50

I have a minimal CentOS 6.3, 64 bit acting as gateway with 4 NIC (1 Gbps), each bonded together one for public traffic and other for private, which performs NATing. It has 6 GB RAM and 4 logical cores. We have been using this for the past two years without any problems.

I don't have any experience with hardware routers, but I have heard that they have less RAM and CPU and use flash disks. How can a box with low hardware configuration perform better (as in, handle more concurrent connections) than a machine with more RAM and CPU?

What are the limiting factors, other than IOS using different methods to handle this?

TRiG
  • 1,193
  • 3
  • 14
  • 30
Blue Gene
  • 645

6 Answers6

67

ASICs.

Instead of using a general purpose CPU and task-specific software, you can skip the software and just make the silicon handle the task directly.

High performance networking hardware uses ASICs instead of software for the computationally heavy (but relatively logically simple) tasks of something like comparing an IP address to an enormous internet routing table, checking a CAM table for a switching decision, or checking a packet against an ACL. This makes an enormous difference in the speed of those time-sensitive operations, providing a significant advantage over a general-purpose CPU.

Shane Madden
  • 116,404
  • 13
  • 187
  • 256
12

A high-end, dedicated router can outperform a PC with a faster CPU and more RAM because it it can do more of the routing in hardware.

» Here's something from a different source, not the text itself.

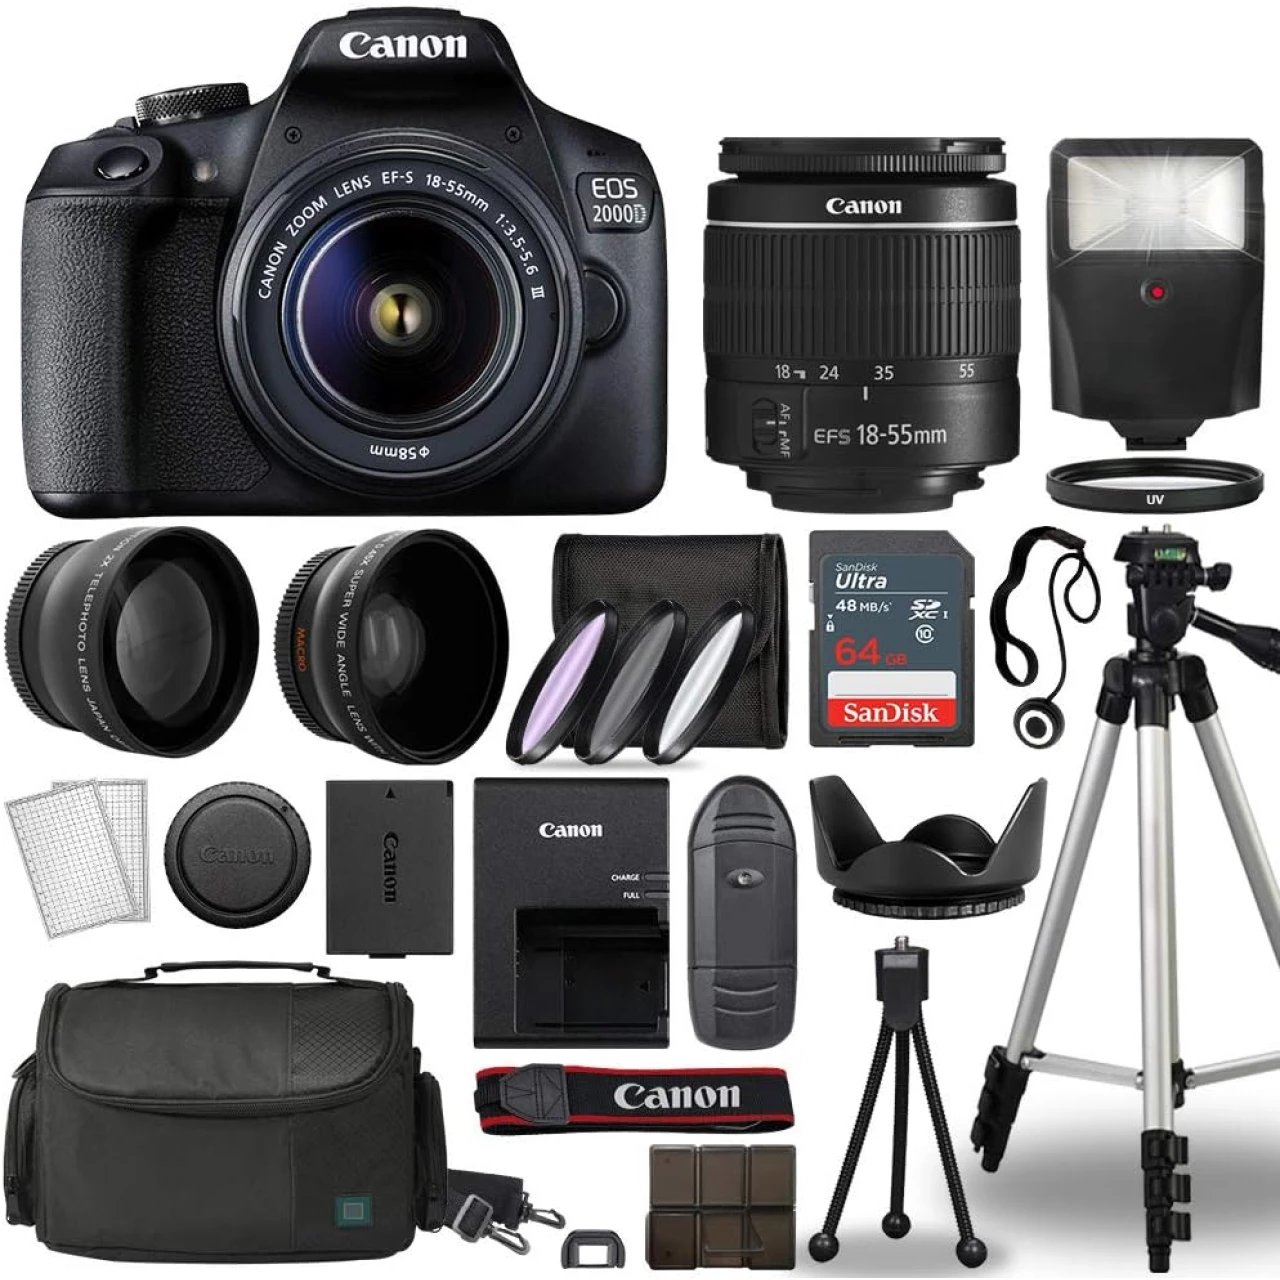 Canon Cameras EOS 2000D / Rebel T7 Digital SLR Camera Body w/Canon EF-S 18-55mm f/3.5-5.6 Lens 3 Lens DSLR Kit Bundled with Complete Accessory Bundle+ 64GB+ Flash+ More - International Model (Renewed)

It's the same reason a $60 Gigabit Ethernet switch can outperform a $2,000 PC with 4 two-port GigE cards acting as an Ethernet switch. The switch is built from the ground up to be a switch.

10

"Other than IOS" ?

IOS makes almost all the difference. CentOS is a general-purpose operating system. It's designed to perform well enough under a very wide range of scenarios, using a vast array of different hardware configurations. IOS on the other hand is extremely fine tuned to handle only the kind of workloads you would expect from a piece of network equipment, using the very specific types of hardware you would find in Cisco gear.

Knowing exactly what pieces of hardware you're programming for will take you a very long way in terms of performance vs. compatibility.

Ryan Ries
  • 56,311
4

Both software and hardware have something to say. I have the comparison of Intel and TP-Link NIC (which uses a Realtek chip at its heart) on generic server hardware, as well as purpose-built and generic-purpose software in routing.

On the hardware side, if the ASIC on board can do some handling of IP traffic, the processor load can be lower and thus faster. I have noticed the two onboard INtel NIC chips communicating directly by DMA, bypassing main CPU in handling packet forwarding; meanwhile the Realtek chip interrupts whenever a packet arrives.

On the software side, if the software is designed to be used in routing, it can be made more efficient. I have used both pfSense+PF (a modified FreeBSD intended to be used as a router) and generic-purpose Ubuntu 12.04+iptables as routing software and the first clearly switch traffic a lot faster. (Ubuntu 14.04 is now almost as fast, thanks to the new nftables in Linux 3.13 kernel.)

However dedicated router do have one major drawback: it cannot perform much other than switching traffic, and it cannot be virtualized. My current edge router is a virtual machine inside my ESXi cluster running Ubuntu 14.04, and it also acts as an intrusion detection system and load balancer.

3

AFAIK, it's the overhead of a general-purpose operating system; regardless of how fast your connections, the packets are dealt with on a packet-by-packet basis within the kernel's context, increasing latency and strain on the system. I believe it's been already explained in the other Answers better than I could do.

Having said that, there are promising new"ish" technologies increasing in popularity and feasibility that might create a more formidable competitor out of Linux systems in this as well as in other regards; i.e. InfiniBand

Take a look at the following Q&A on StackOverflow: How is TCP Kernel-bypass Implemented

Further Reading:

3

It's usually because of lack of out-of-box network stack/devices configuration in linux. In almost 90% cases your network traffic is processed by CPU0 while other are in idle. If you'll solve this problem difference with hardware routers will not be so drastic as you may think. You should set up at least RSS or RPS (driver/stack based packet processing distribution among the CPUs).

If you really care for your linux router performance and have enough time I recommend you to read this article in packagecloud blog (there is also article about transmitting packets).

If you'll need to take a look at distribution and you think that watching at while sleep 1; do cat $some_file_in_procfs; done, CPU mask evaluation and manual smp_affinity writing is boring, you'd probably found my pet-project netutils-linux extremely useful.